It feels risky. Because if you know my goals and I fail, then you'll know that too.
But that's not such a bad thing.
It keeps me honest and real.
No pretending.
My spiritual goal for 2015 was to listen.
Physical Goal for 2015 - exercise 2 days a week.
I didn't start regularly exercising until we moved to Boston and I got pregnant with Emma. I had always been kinda healthy-ish (like, tried to eat more vegetables that dessert) and exercised on and off, but not like when we moved. When I became a SAHM with an 8 month old and got pregnant, living in a new place with no friends, the $40/ month gym membership that included childcare was worth my sanity. Plus I was bored. Not to mention, I'd gained too much weight in my first pregnancy and really didn't want to be that big again. (Note to first time preggo mommas... You are not eating for two. It's harder to lose the extra ice cream weight than it is the regular baby weight. I learned this hard way.)

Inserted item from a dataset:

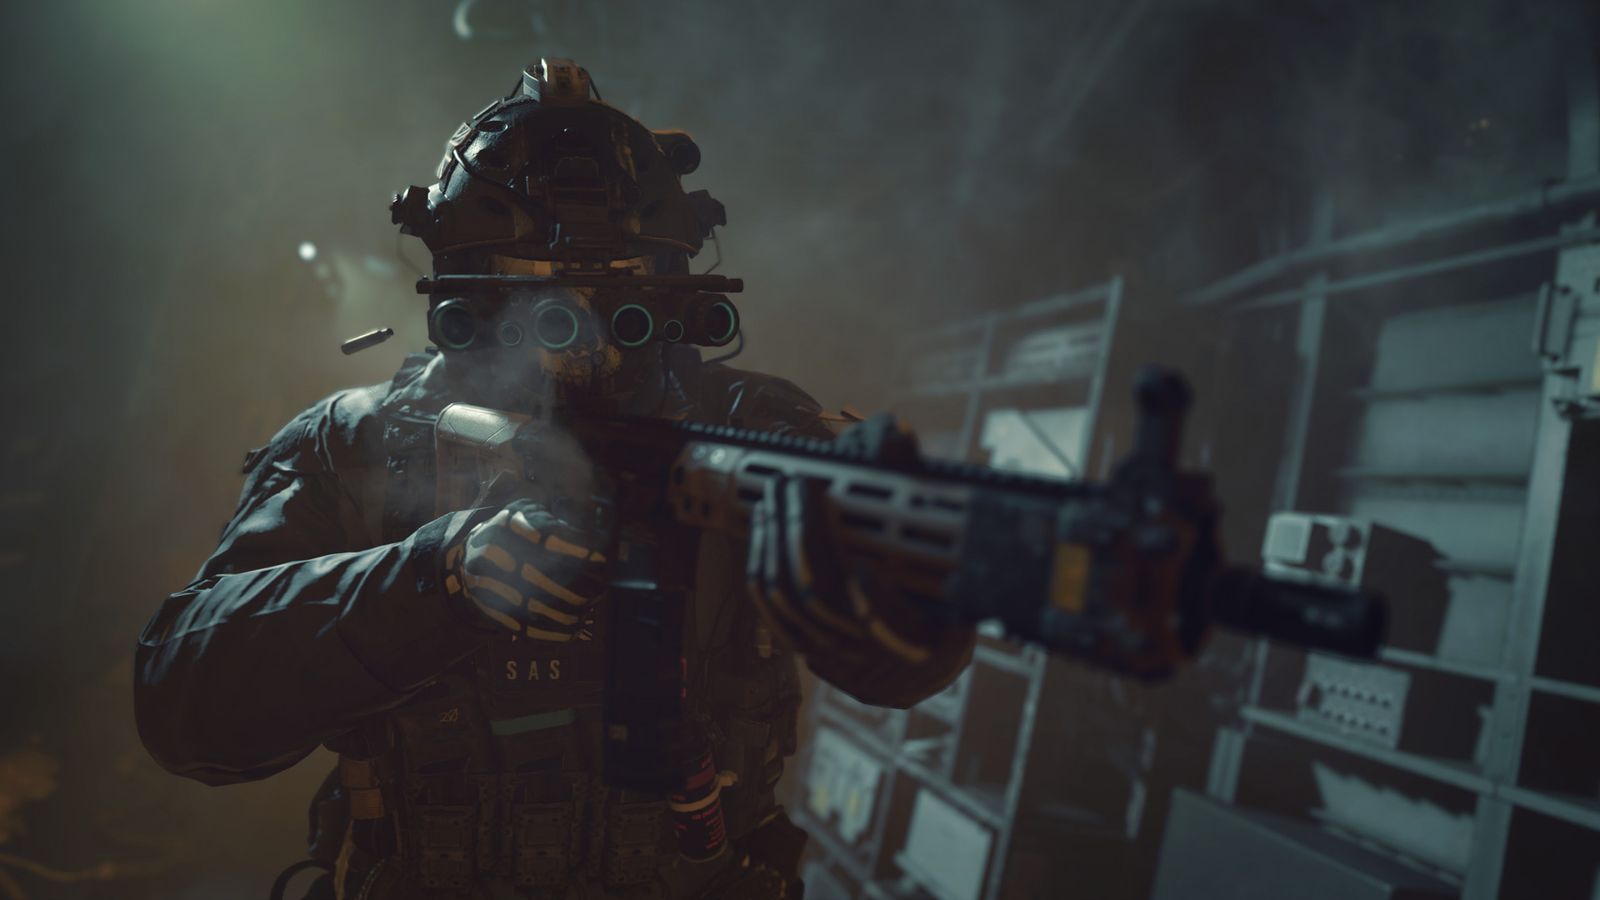 A soldier firing a gun - Modern Warfare 2 authenticator issue

Last-work-out selfie while preggo with Emma. I quit exercising around 30 weeks. We had an upcoming move and some of my hip/ walking/ symphysis/ pelvic floor pain was getting too intense... not to mention the 3rd floor apartment.

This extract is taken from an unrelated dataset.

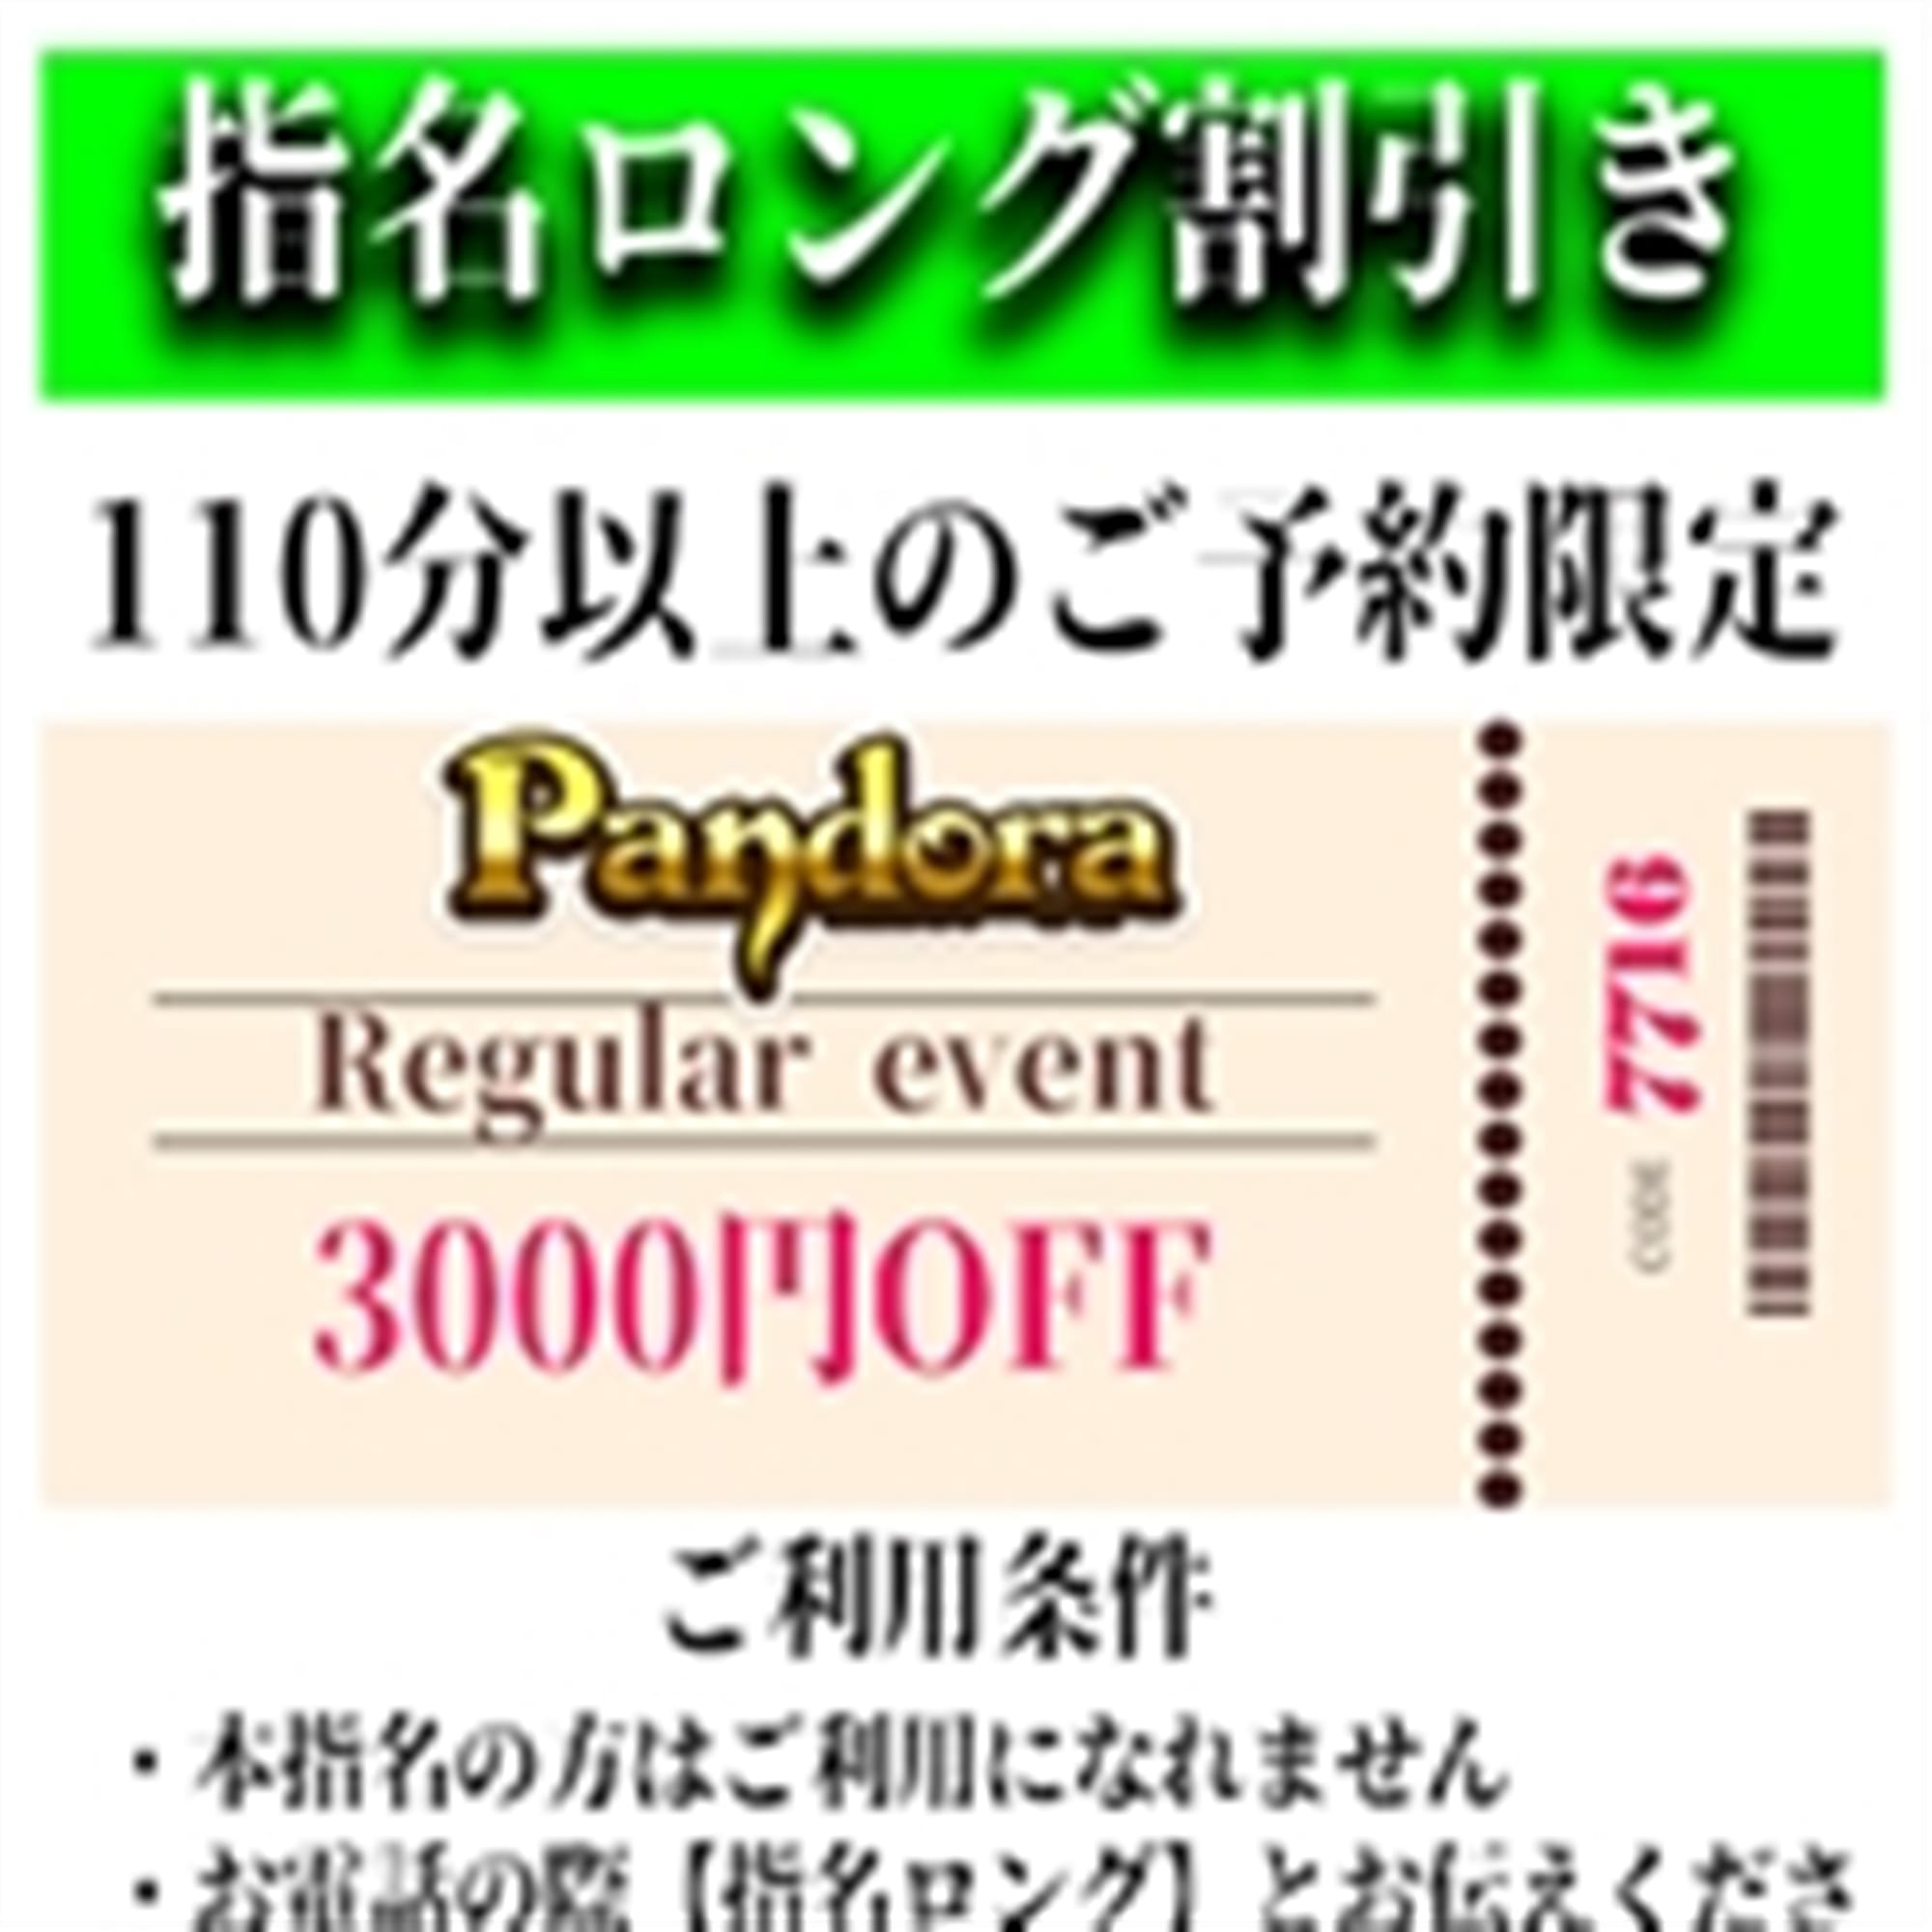 「ご指名のお客様も遊べるロングコース割引」04/26(金) 13:52 | Pandora(パンドラ)新潟のお得なニュース

ANYWAY, with 2 littles at home, it's still relatively easy for me to make it to the gym most weeks. (When the gym, the library, and walmart count as "outings" - moms of littles, amiright??)

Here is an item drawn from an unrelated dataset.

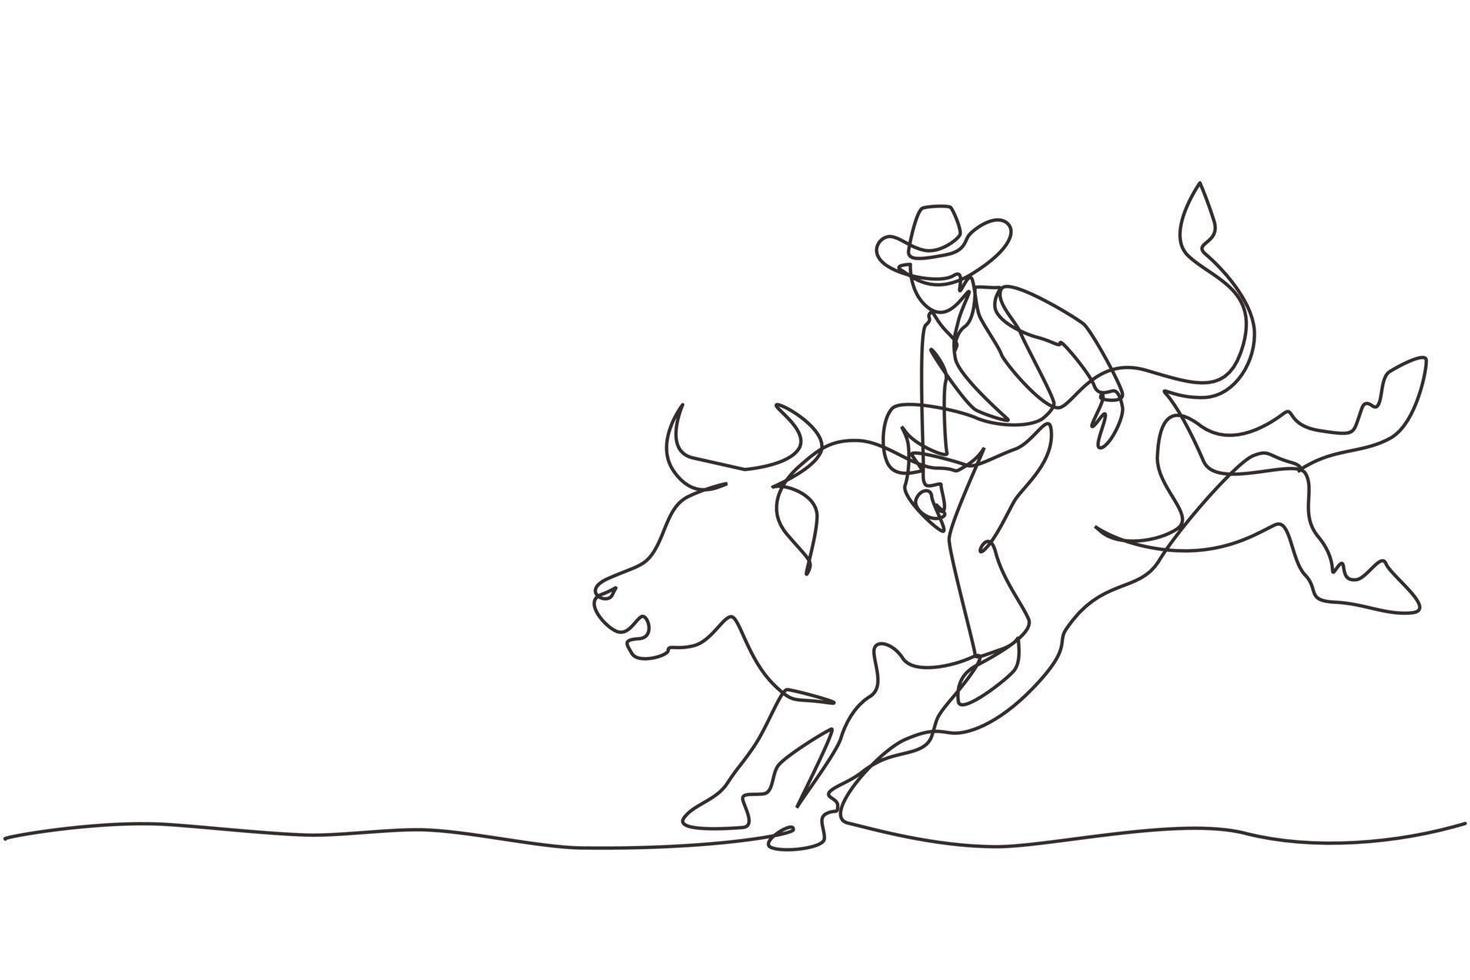 cowboy de desenho de linha contínuo montando touro selvagem para emocionante show de rodeio. cowboy forte e corajoso no chapéu se junta à competição de rodeio montando touro selvagem. ilustração gráfica de vetor de design de linha única

I've tried exercising at home because we are on a TIGHT Dave-Ramsey-gazelle-intense-debt-pay-down budget, but it doesn't work for me right now. So we've decided we can pay for the gym membership. Maybe some day the routine will change. But for now, 2 days a week, while it may not turn me into a body builder, it will balance out the number of girl scout cookies I've eaten. Maybe. Barely.